To implement the above technique in code, you'll be filling in the method queryDatabase in fingerprint.cpp, which is an instance method of a SongData containing the fingerprints of a query song (which are accessible via fingerprints instance variable). The method takes in a list of songs in the database of type songInfo, which is simply a wrapper around a string for the title and artist of a song in the database. It also takes in a hash table whose keys are Fingerprint objects and whose values are references to type FingerprintList. A FingerprintList object wraps around a vector containing objects of type fingerprintInfo, which contains a list with information about every copy of that exact fingerprint that was seen across all songs in the database. A fingerprintInfo object has a number of fields, and you will need to focus on these two:

  • offset: The time window index of the first anchor in the fingerprint
  • index: The index of the song to which it belongs, in the array of songs in the database

To find a candidate match, you should loop through all of the fingerprints in the query song. For each query fingerprint, you should look at all matching copies of this fingerprint in the database, which you can get as the value of the fingerprint key in the HashTable db. For each of these matches, you should add one to the corresponding song's histogram at a bin which is the difference between the song's fingerprint offset and window of the query's first anchor. It is possible to do this with an array, but an easier way to implement a histogram is as a HashMap whose keys and values are both HashableInt objects, where the key is the bin index and the value is the count. Since you'll need a histogram for every song in the database, the code comes setup with an array of such hash maps. You should fill in those hash maps and keep track of the song corresponding to the maximum count as you go along, as you will eventually return this song as the candidate match.

Testing

To see if this works correctly, you can run the file query

which will then output something like the following

So it's correctly found that the song is "Wang Chung: Everybody Have Fun Tonight." Your program should also print out that song for the following two inputs

ExampleQueries/wangchungLaptop.wav

ExampleQueries/wangchungNoise.wav

For the following three queries below, the program should print out "Daniel Powter: Bad Day"

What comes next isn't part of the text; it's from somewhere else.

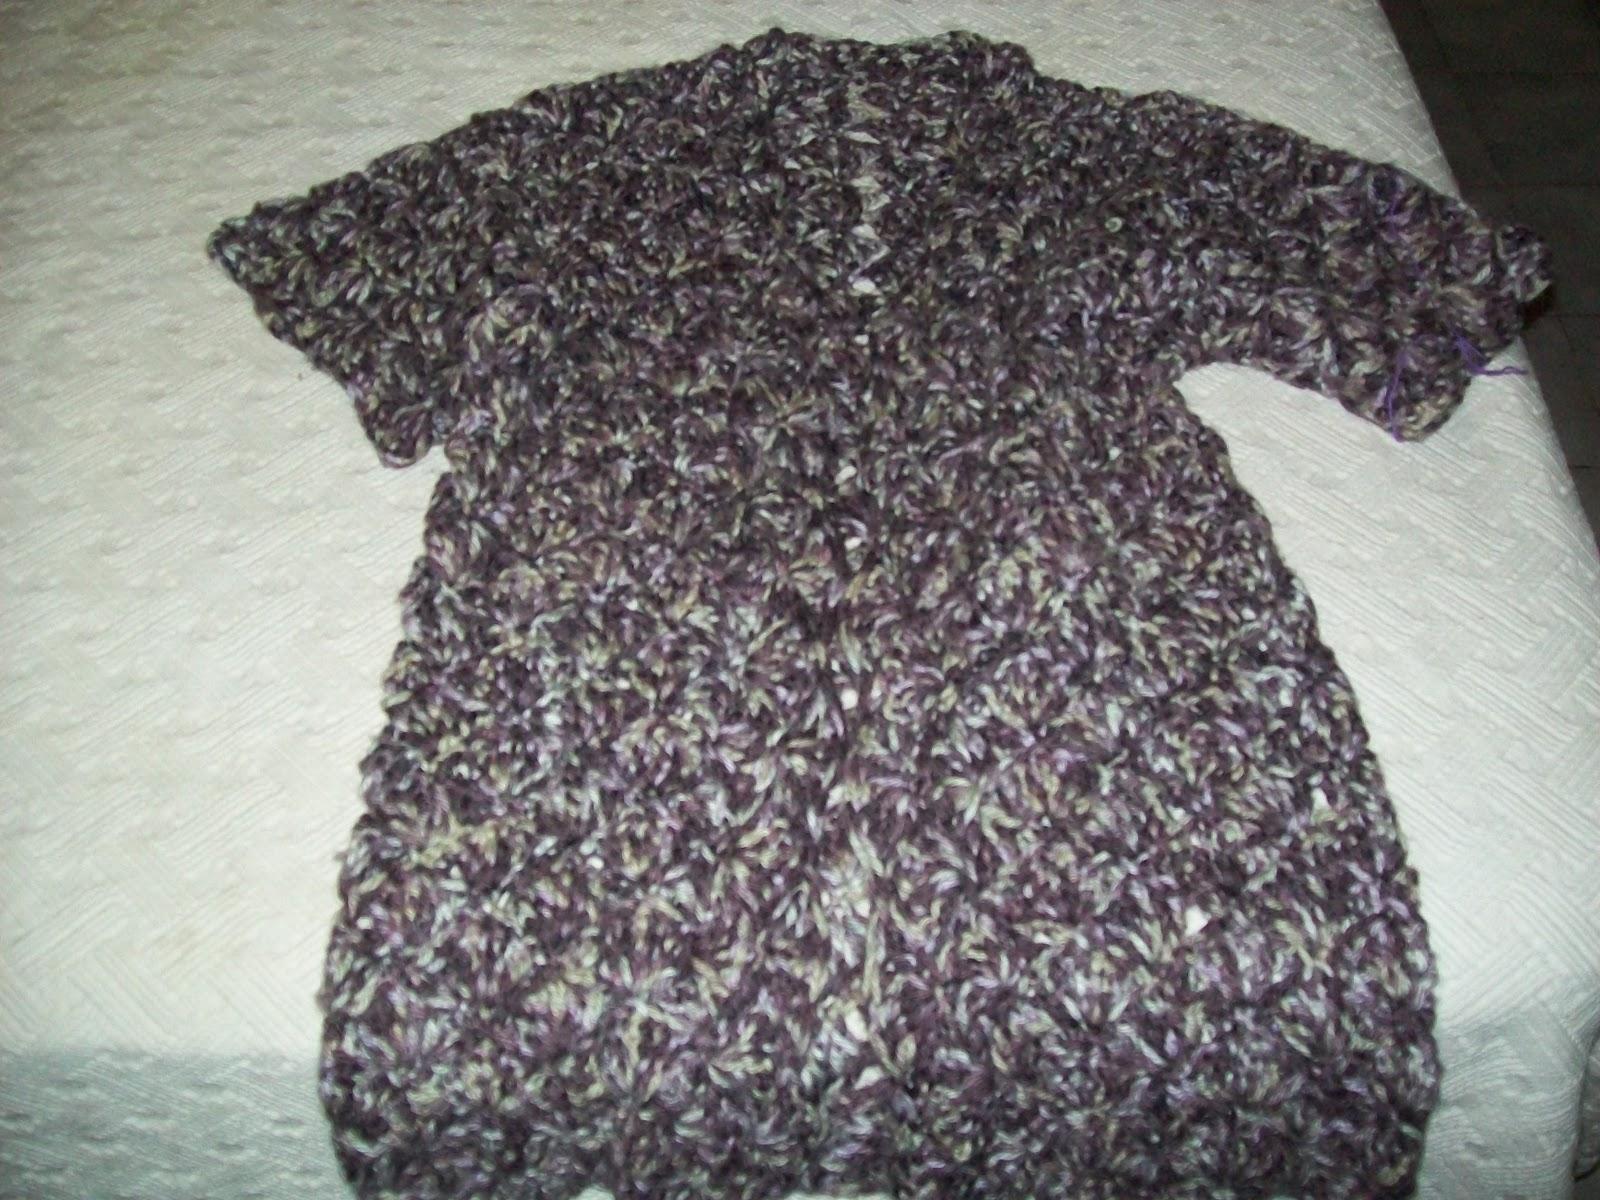 Saco Tejido Al Crochet Con Punto Fantas  A En Lana Matizada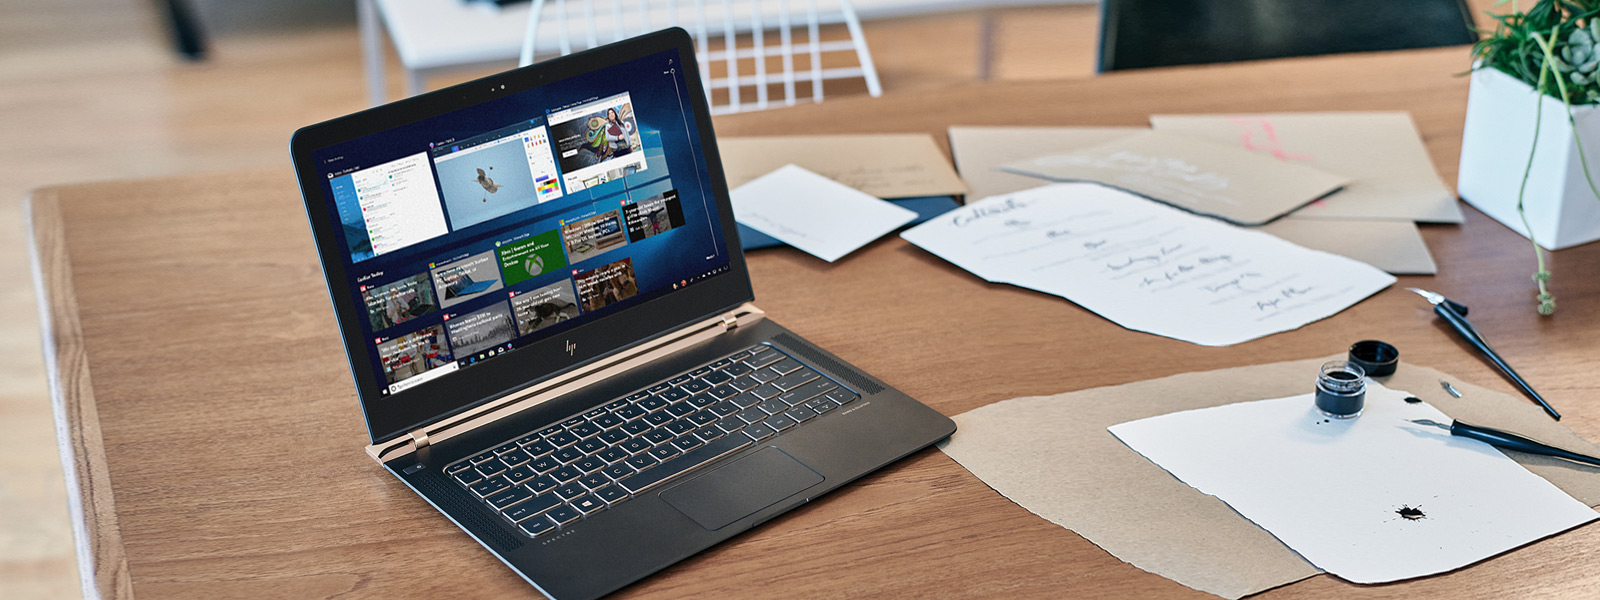 Windows Timeline на экране ноутбука, стоящего на столе

ExampleQueries/baddayClean.wav

ExampleQueries/baddayLaptop.wav

ExampleQueries/baddayNoise.wav

For the following three queries below, the program should print out "Kanye West: Touch The Sky"

ExampleQueries/skyClean.wav

ExampleQueries/skyLaptop.wav

ExampleQueries/skyNoise.wav

To help debug your program, you should print out the maximum number of counts that you find in a bin for the song you've chosen.

Stress Testing

Once the above is working, you can try loading a larger database to see if it still works. Click here to download a .zip file with 266 songs, including the first 6 in this list, and update the query file to load more than the first 6 songs. The problem technically gets harder, since there are more potential songs to confuse with in the database. It will also take much longer to load the database and to setup the hash table. But if this works, you'll know you have a robust system.

Going Further!

At this point, you have a fully functional basic implementation of audio fingerprinting for content-based music retrieval. This is not required, but you should try it on your own music! See if you can add a song to the database and query it with a clip. Note that the parameters are setup so that the database is expecting single channel audio sampled at 22050hz in the .wav file format. You can use Audacity to do the conversion. Questions to ask yourself as you go include:

  • How much audio does it seem like you need to do a robust identification?
  • How noisy or distorted does can the audio be before the identification fails?
  • Does this work on different versions of the song (e.g. cover songs)? Why do you think that might be?